70年代から本格化した日本語教育-今はポップカルチャーと両輪で
特殊目的の日本語教育という分野
特殊目的の日本語教育という分野があります。例えば、外交官、客室乗務員やビジネスパーソン、MBAや工学、医学分野の大学院生、また、限られた専門分野の研究者などは、一般的な日本語学習というより、経済新聞や日本語の専門誌が読めなければならないとか、財政投融資について研究しているので専門書が読めなければならないとか、特殊な目的で日本語を習得しなければならない立場にあります。Japanese for a specific purposeと名づけられていますが、この目的別/専門別日本語教育は、そんな人々のためにある日本語教育分野です。学習者もさまざまで、学習者によって日本語を要求される場面も違います。学習する日本語の文章構造自体が独特だったり、専門用語が多く出てきたりします。また、敬語がそれほど必要でないグループ、あるいは反対に敬語の習得が必須のグループなど、細かい違いがいろいろとあります。「ビジネス英語」ならぬ「ビジネス日本語」もその一つです。とにかく、教える側に社会・文化一般の幅広い知識が必要となってくる分野です。

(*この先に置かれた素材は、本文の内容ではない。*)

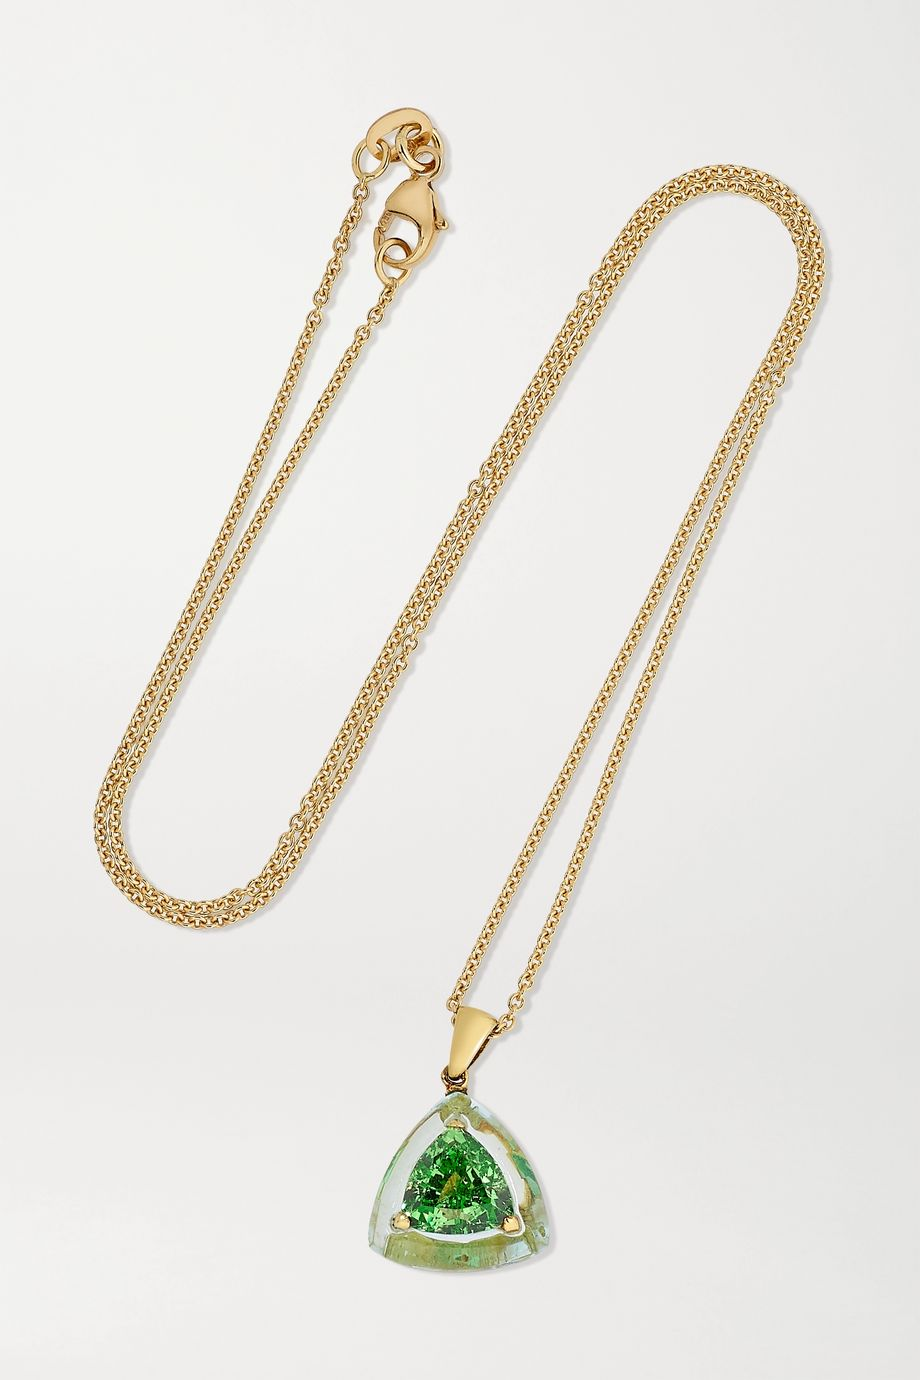 Boghossian 18-karat gold, aquamarine and tsavorite necklace
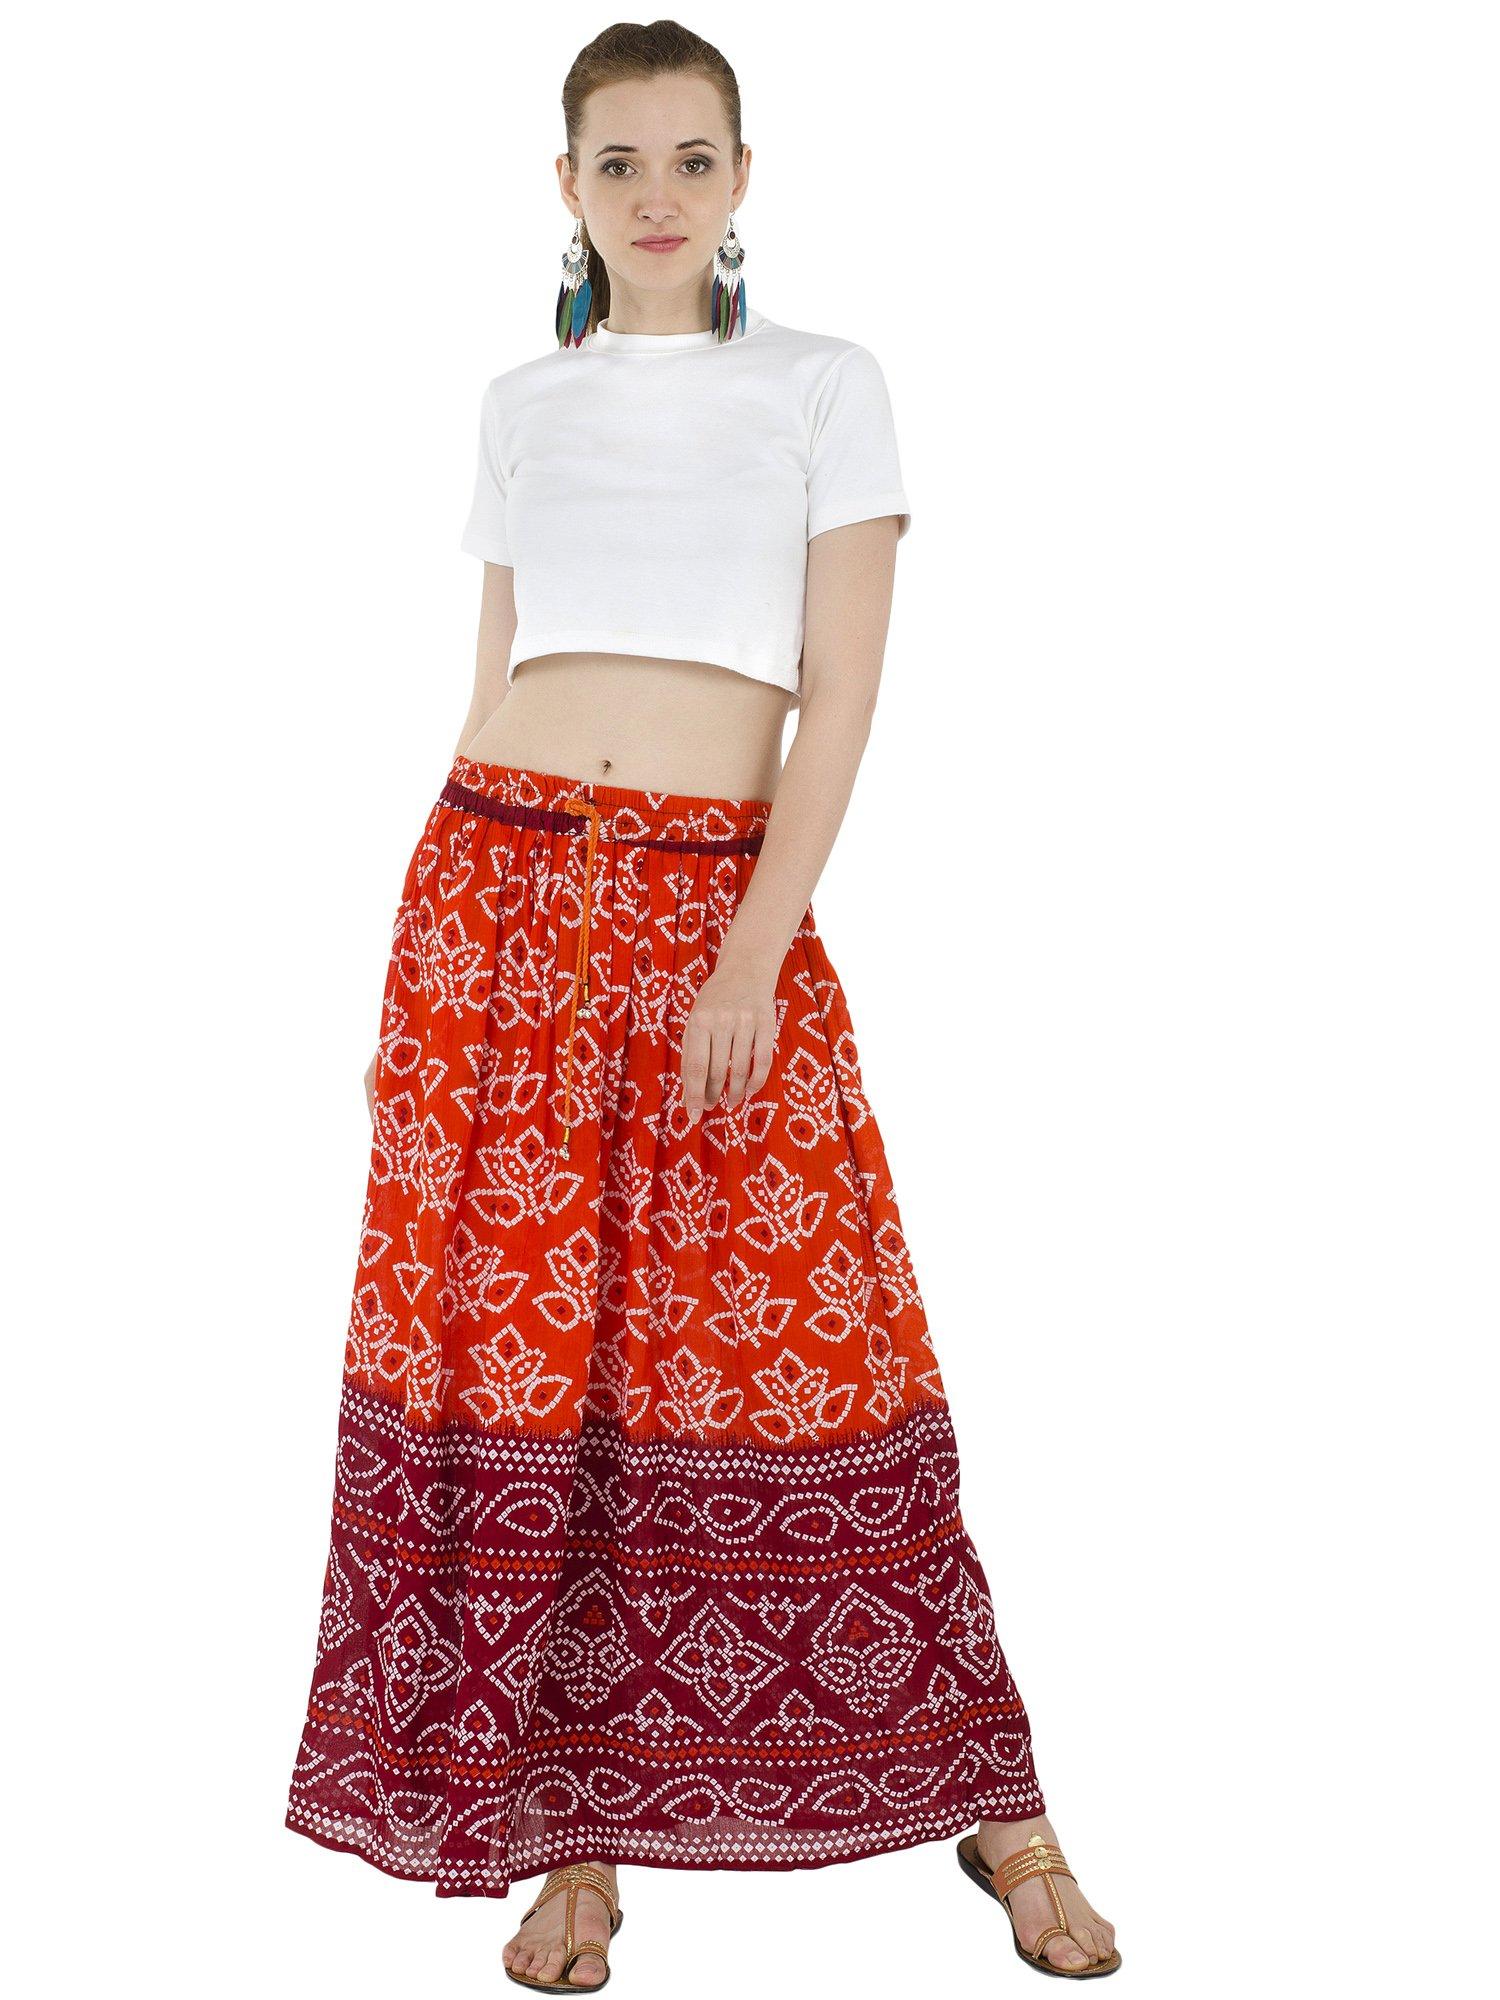 Women's Elegant Summer Full Length Floral Print Pleated Cotton Long Maxi Skirt Dress

国際交流基金での日本語教師養成講座が始まったのは1970年代前半でした。その頃、大学の日本語教師養成課程は、数えるほどしか存在していませんでした。それから約40年、日本語学習者も劇的に増え日本語教育を取り巻く環境、とりわけ学ぶ側の姿勢は変わりました。
日本語習得は漫画を読むため?
現在の留学生の様子を見ると、日本語を学ぶ動機が昔と明らかに違います。日本のポップカルチャー(サブカルチャー)の輸出が日本語自体に比べて急激に進んでいるというのが大きく影響しています。そのため、アニメを日本語で見たい、聞き取りたい、理解したい、漫画を日本語で読みたいという人が多いのです。女性の一部には、ファッションに憧れて日本に興味を持ったという人もいますが、数的には少なく、圧倒的に漫画が目的という学生が多いのも事実です。